Apple literally disgusts me with all of the suing that they do.


----------



## UnfedBear67 (Jul 31, 2011)

If it come close to that Google will step in and pull all support from iPhones Youtube Maps Search etc. And that's if the carriers don't step in either they don't want android to disappear they make boat loads of money from it. Sprint lost money selling iPhones

Sent from my Galaxy Nexus using RootzWiki


----------



## jspradling7 (Nov 13, 2011)

Apple's Steve Jobs thought Android was a knock-off of his company's iOS operating system and famously said Apple was "going to destroy Android, because it's a stolen product. I'm willing to​go thermonuclear war on this."​
That quote always makes me laugh.​


----------



## jpricesd (Aug 1, 2011)

I just got a copyright on air. All you guys better pay up now!

And this is the main reason I will never own an Apple product. I can't stand the way they do business. The moment they feel threatened they sue somebody


----------



## wiseguychacon (Oct 23, 2011)

jspradling7 said:


> Apple's Steve Jobs thought Android was a knock-off of his company's iOS operating system and famously said Apple was "going to destroy Android, because it's a stolen product. I'm willing to​go thermonuclear war on this."​
> That quote always makes me laugh.​


He also said great artists "borrow" from other great artists Hench the iPhone became a reality because most of that is stolen. Err I mean borrowed.









sent from a cell phone.


----------



## Barf (Sep 26, 2011)

Apple makes me nauseous. Boycott? I think so.


----------



## thedefectkid (Dec 31, 2011)

I completely agree. I have an iPod and havent touched in in about a year and dont plan too. Apple is a patent company that just doesnt want to innovate and come out with something new now. Their a bunch of greedy mother you know and thats it....


----------



## idefiler6 (Sep 3, 2011)

Shit, I've been boycotting apple since grade school. Daddy taught me well!


----------



## blaineevans (Jul 11, 2011)

Patent and copyright laws, especially intellectual, are pretty outrageous imo. I don't pretend to know a lot about the subject, but from experience (my company owns over 500 patents, and holds a whole legal team to constantly monitor them) it's all so.. just ridiculous.

It's the world we live in though, and we know Google isn't very good at pursuing these ventures. And rightfully so, they shouldn't have to cover every single line of code, or hardware design made.. but unfortunately if they don't, it'll come back to bite them..

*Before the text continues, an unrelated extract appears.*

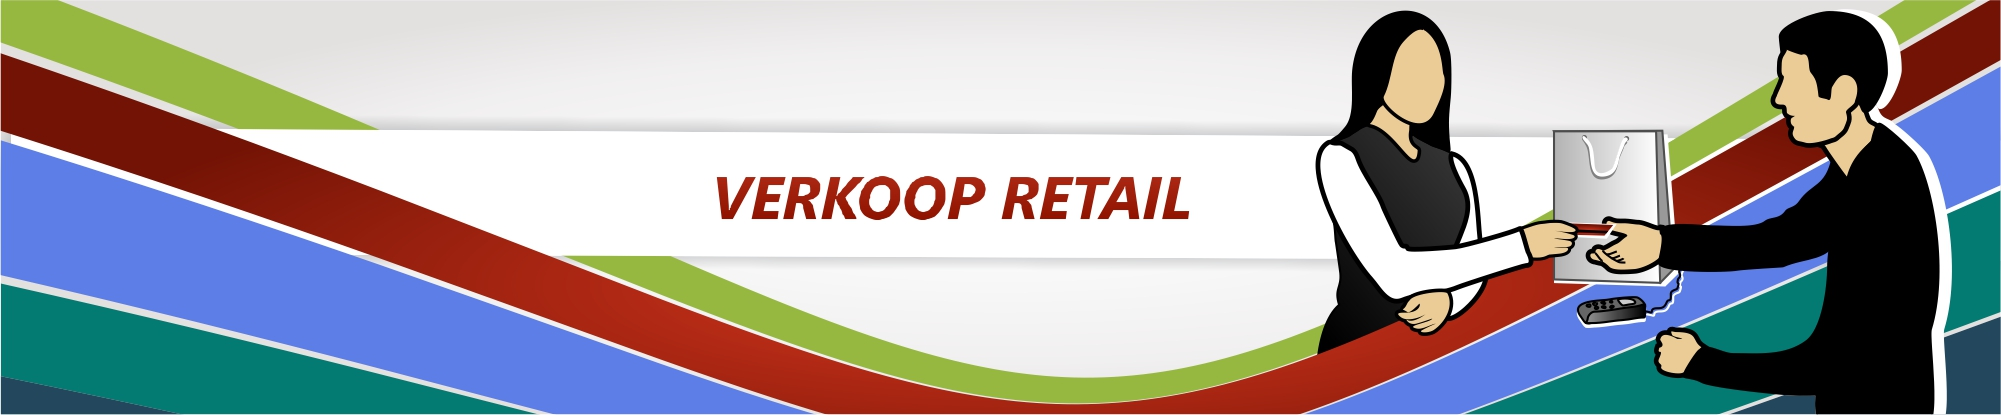 verkoop retail

Sent from my Galaxy Nexus using Tapatalk


----------



## nklenchik (Dec 1, 2011)

Last Apple product I bought was my iPod Classic. That was over 5 years ago.


----------



## idkwhothatis123 (Aug 4, 2011)

All I can say is thank god I already got my gnex lol

Sent from my Galaxy Nexus using Tapatalk


----------



## jpricesd (Aug 1, 2011)

I don't see how it would be possible for any company to keep up with all the patents anyway even if they wanted to. Most of them or so broad and should never have been granted in the first place. The patent system needs changing. Its getting ridiculous.


----------



## nuclearemp (Sep 12, 2011)

If apple keeps this up Google needs to block iPhone users from using Google services including their search engine. Let's see how apple would deal with that.


----------



## davidukfl (Aug 12, 2011)

nuclearemp said:


> If apple keeps this up Google needs to block iPhone users from using Google services including their search engine. Let's see how apple would deal with that.


Google would never do that. They would lose significant advertising revenue. A lot of companies would cut back on advertising or move money elsewhere if they knew iphone/ipad users weren't going to be seeing their ads, and despite apple's shortcomings iOS is still a massive chunk of the market.


----------



## yarly (Jun 22, 2011)

thedefectkid said:


> I completely agree. I have an iPod and havent touched in in about a year and dont plan too. Apple is a patent company that just doesnt want to innovate and come out with something new now. Their a bunch of greedy mother you know and thats it....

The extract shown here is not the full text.